I was thinking yesterday evening that the same mindset causes both adoptions and abortions. It is the limited perspective of the pregnant woman about what she believes she is capable of. In my adoption group there comes occasionally a pregnant woman who is trying to decide whether or not to surrender her baby to adoption. Not all adoptees say they are happy their mother didn’t abort them. It is a sad commentary on the experience of some adoptees and others feel they had a good enough life and accept that their mothers did the best they could in that moment for the higher good of all concerned.

So in the adoption group, when a pregnant mother shows up and hasn’t made a decision, the group always recommends several courses of action to her. The main one is – don’t decide right away. Don’t allow prospective adoptive parents to be at the hospital with you. Don’t sign the papers in advance. Spend some time with your infant. You can always make that choice – weeks, months later. Hopefully not years later when it may be even more traumatic. Give your infant some time with you. In these modern times, there are groups who will try to help you with the necessaries, at least in the short term.

I was reflecting recently on the fact that each of my parents were with their original mothers for about 6 to 8 months as infants. I take some comfort in knowing they had that forward development time not separated from the woman who gave birth to them. All a baby knows at birth is that mother who birthed them. I do know my dad’s mom breastfed him. I don’t know about my mom’s mom. Certainly once she was taken to Porter-Leath orphanage in Memphis, she would have been fed a bottle of formula (what was considered a formula at the time).

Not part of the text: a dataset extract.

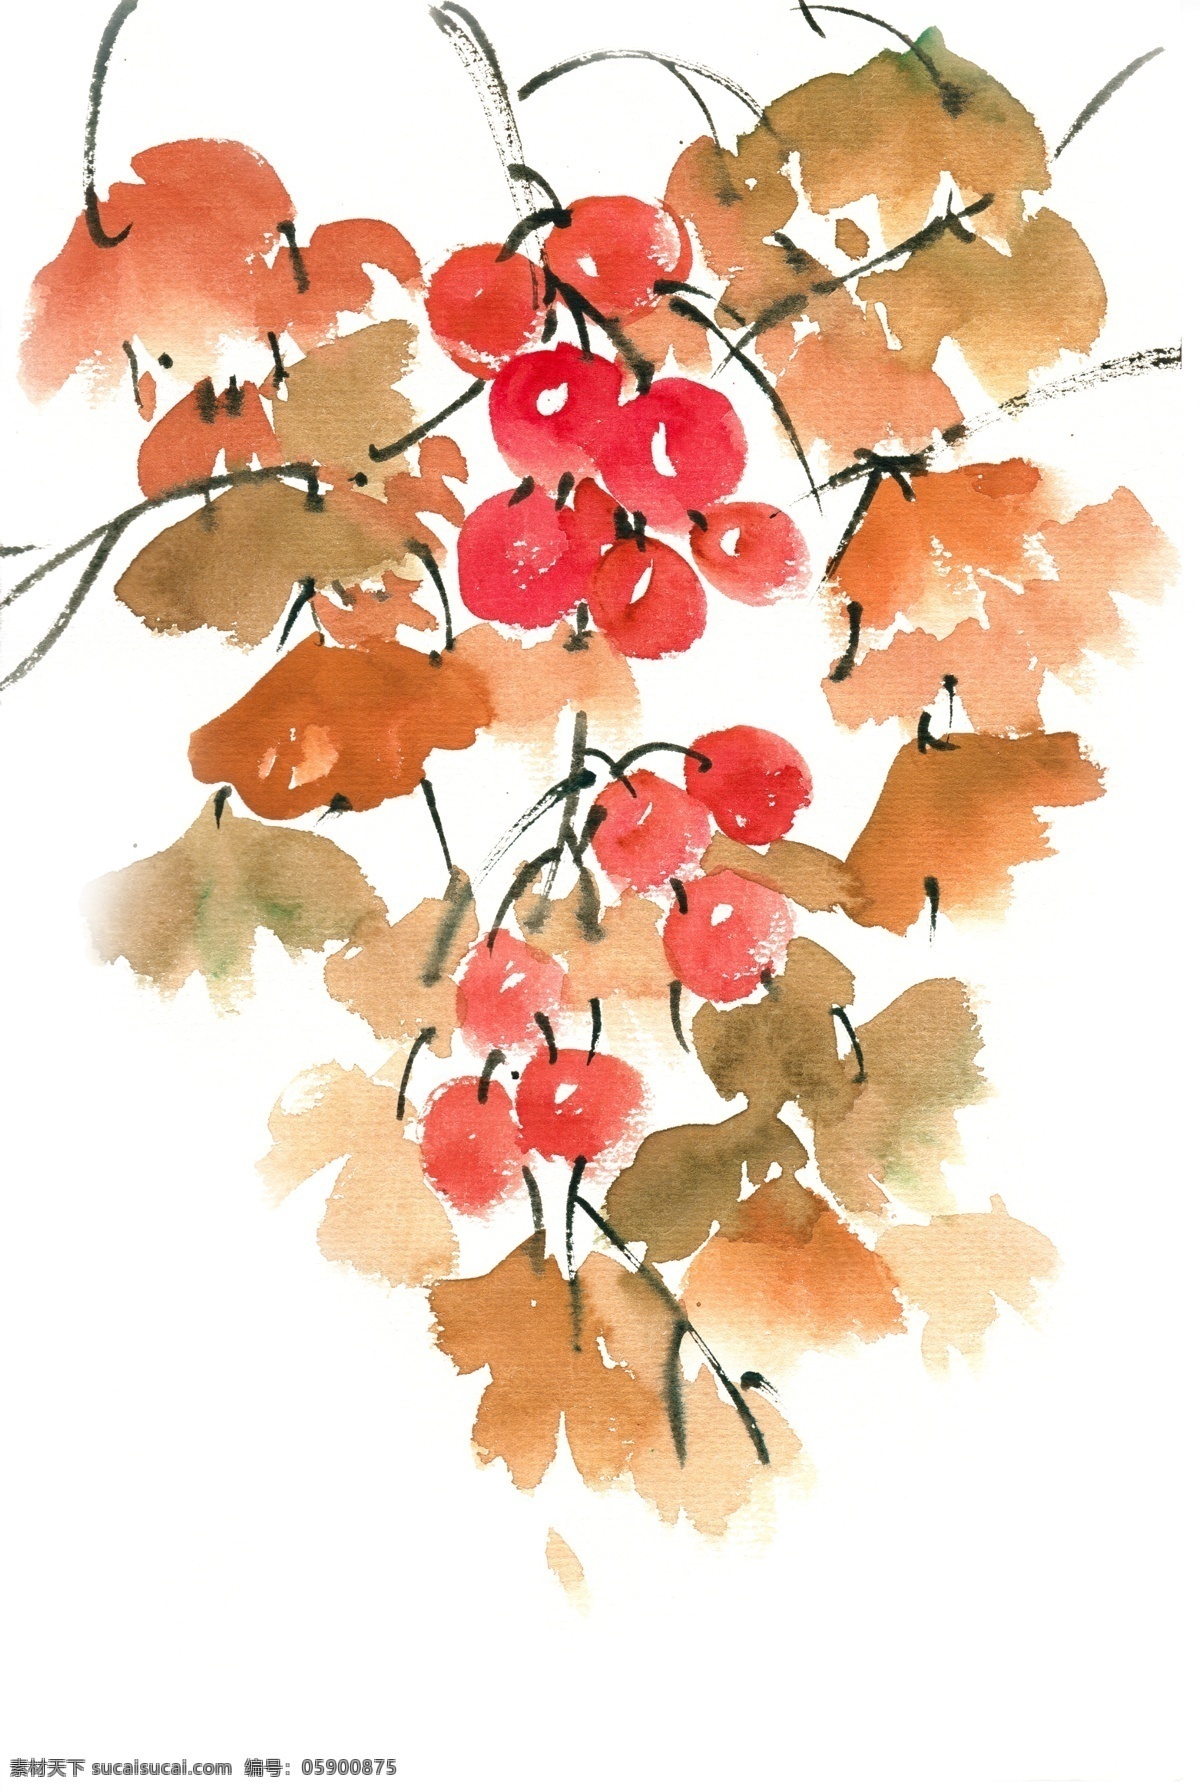 银杏 果实 水彩画 免 抠 水彩 透明 手绘 彩色 生态 红色 叶子 美丽 写意 免抠 亮丽 清幽 意境 绘画 逼真 写实 简约

Most of the women who chose adoption or abortion do not believe they are capable of raising a child. Society’s willingness to financially help such women does not have a good track record. When I ran out of birth control while driving an 18-wheel truck cross county and quickly became pregnant, I knew that if I went through with that pregnancy, my partner was not going to be there for me. He said as much but he left my decisions up to me, if it can be called solely my decision under the circumstances. I already had struggled to raise my daughter following a divorce when I received no child support. Her father and a step-mother were raising her by this point. I chose an abortion. It was early in the pregnancy, the procedure was safe and legal and I’ve not regretted not being tied to that family by a child. I have struggled with the morality of it thanks to the vocal efforts of the Pro-Life contingent but it is a done deal.

As I have learned more about the subconscious trauma of babies being separated from their mothers for adoption, I am also glad I didn’t inflict that on my unrealized baby. I already had done enough damage to my daughter, though at the time I thought her circumstances were better than they were. Both of my sisters gave up babies to adoption. One always knew she was going to do that and went about it rather methodically. The other explored abortion but was too far along. She tried to get government assistance but was rejected because she was living with our parents and their financial resources were the grounds upon which she was denied (which I will always judge as very wrong of the system). Our mother, an adoptee herself, coerced my sister into choosing adoption. My parents were unwilling to take on the financial responsibility that potentially would have fallen upon them. We’ll never know what the alternatives would have yielded.

The point is that in my adoption group, time and again, I’ve seen a variety of outcomes. In some the young mother does wait and finds resources and decides without regret and great joy to try and parent her baby. Some make some other arrangements, either for temporary help or for an open adoption, that fail in some manner and it becomes a legal battle to get their child back or to know how the child is developing when as often happens, the adoptive parents renege on the open part.

It is said in a song – you can’t always get what you want, but if you try sometimes, you get what you need. And I think generally speaking whatever we get, actually is what we needed, because the reality is, that is what we got. Hasty decisions can lead to a lifetime of regrets. I’ve seen that too in women who relinquished their child. I’ve been told that was the case for both of my own original grandmothers. Both remarried. One went on to have other children.

Foster Care Abuses

While some foster care abuses are extreme, some are more minor but still critical, like using the stipend for reasons other than directly related to the child. A book I read, Foster Girl (and reviewed in this blog) had some stories like that. The girls went through several foster homes over the years until they ended up in a wonderful one with a caring, mature single woman.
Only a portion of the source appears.